从this link我明白,来自某些inDataStream的事件的顺序在以下结果的outDataStream中按键保留:
outDataStream = inDataStream.keyBy(...)
.timeWindow(...)
.reduce(...)
因此,例如,如果我们从inDataStream输入以下事件(我们在键上执行keyBy):
(1,key1),(2,key1),(3,key2),(4,key1),(5,key2)
然后outDataStream将保留key1事件和key2事件的相同顺序。所以outDataStream的结果永远不会发生:
(2,key1),(1,key1),(3,key2),(4,key1),(5,key2)
(因为1和2已切换)。
到目前为止,我是否正确? 然后,如果我们链接另一个keyBy / process,我们再次以相同的顺序生成,对吧?因为我们只是再次申请相同的保证。因为相同的密钥的顺序对我们来说至关重要,那么为了确保我们在同一页面上我制作了简化版本:
// incoming events. family is used for keyBy grouping.
case class Event(id: Int, family: String, value: Double)
// the aggregation of events
case class Aggregation(latsetId: Int, family: String, total: Double)
// simply adding events into total aggregation
object AggFunc extends AggregateFunction[Event, Aggregation, Aggregation] {
override def add(e: Event, acc: Aggregation) = Aggregation(e.id, e.family, e.value + acc.total)
override def createAccumulator() = Aggregation(-1, null, 0.0)

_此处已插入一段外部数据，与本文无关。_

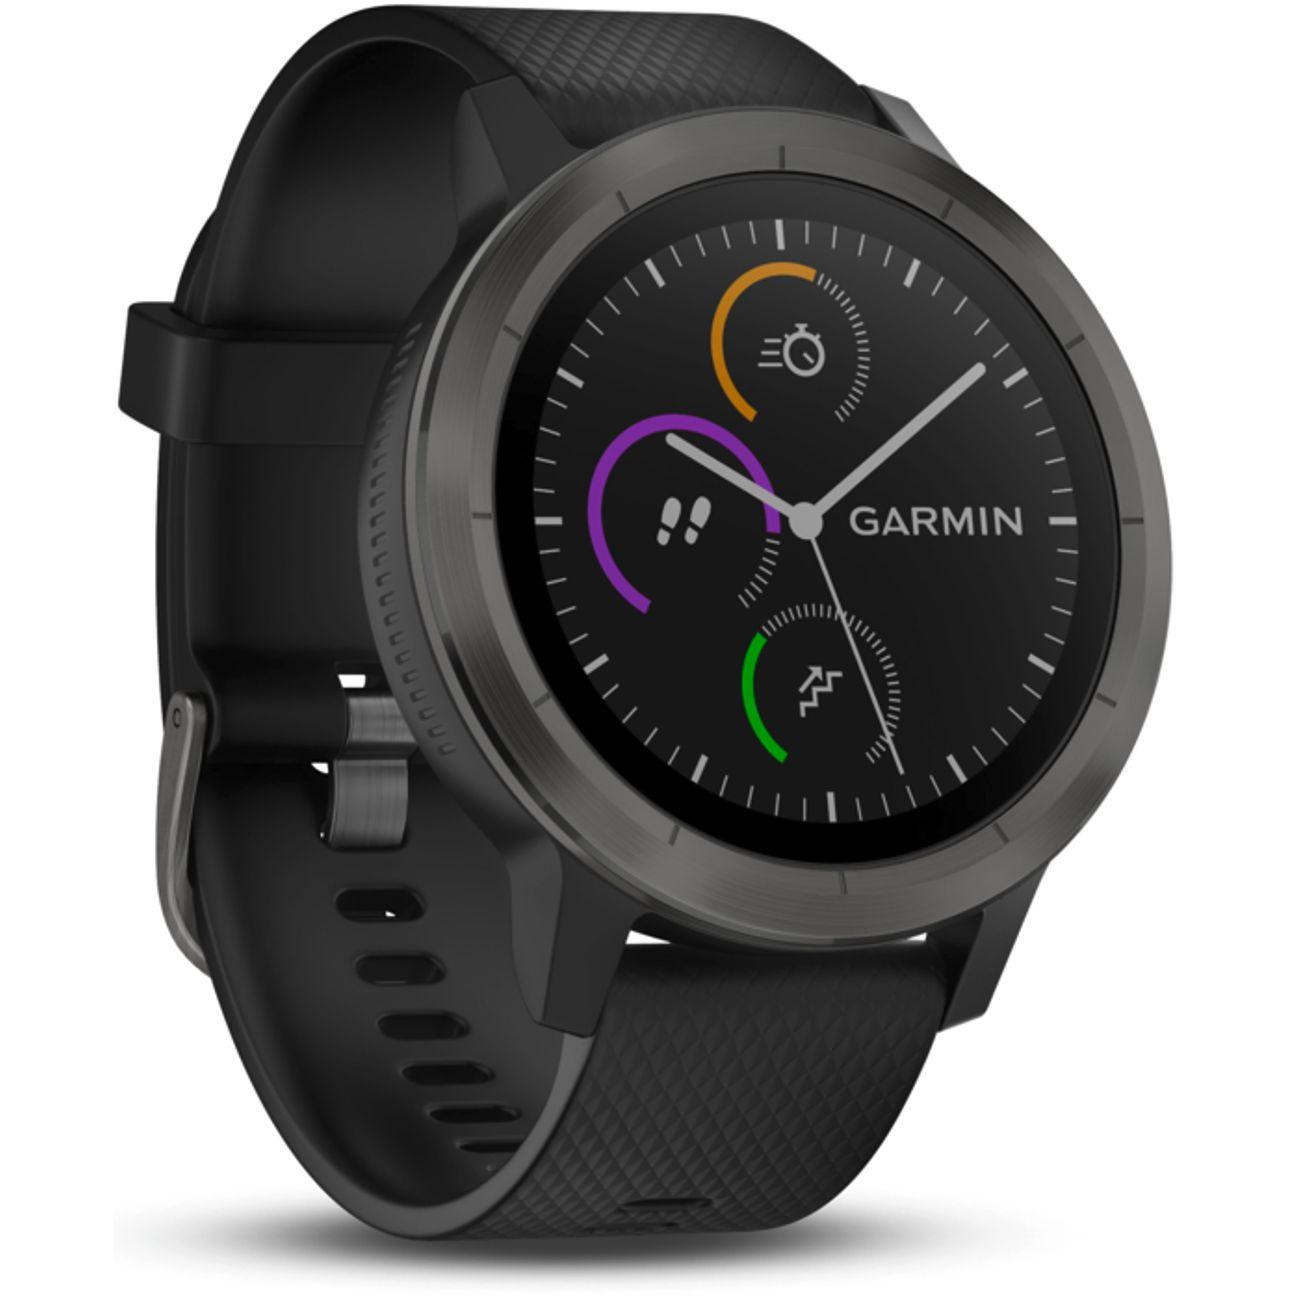 Montre GPS connectée Garmin Vivoactive 3 (Via retrait magasin)

override def getResult(acc: Aggregation) = acc
}
object ProcessFunc extends ProcessFunction[Aggregation, String] {
override def processElement(agg: Aggregation, ctx: ProcessFunction[Aggregation, String]#Context, out: Collector[String]) =
out.collect(s"Received aggregation combined with event ${agg.latsetId}. New total=${agg.total}")
}
def main(args: Array[String]): Unit = {
val env = StreamExecutionEnvironment.getExecutionEnvironment
env.setStreamTimeCharacteristic(TimeCharacteristic.ProcessingTime)
// incoming events from a source have 2 families: "A", and "B"
env.fromElements(Event(1, "A", 6.0), Event(2, "B", 4.0), Event(3, "A", -2.0), Event(4, "B", 3.0),
Event(5, "A", 8.0), Event(6, "B", 1.0), Event(7, "A", -10.0))
.keyBy(_.family)
.timeWindow(Time.seconds(1))
.trigger(CountTrigger.of(1)) // FIRE any incoming event for immediate aggregation and ProcessFunc application
.aggregate(AggFunc)
.keyBy(_.family)
.process(ProcessFunc)
.print()
}
因此,对于按此顺序进入第一个keyBy的此类事件 - 对于任何运算符并行性和集群部署,我们保证Sink(此处为print())将始终接收以下家族“A”的聚合,并且顺序(但可能与家庭“B”的聚合混合):
"Received aggregation combined with event 1. New total=6.0"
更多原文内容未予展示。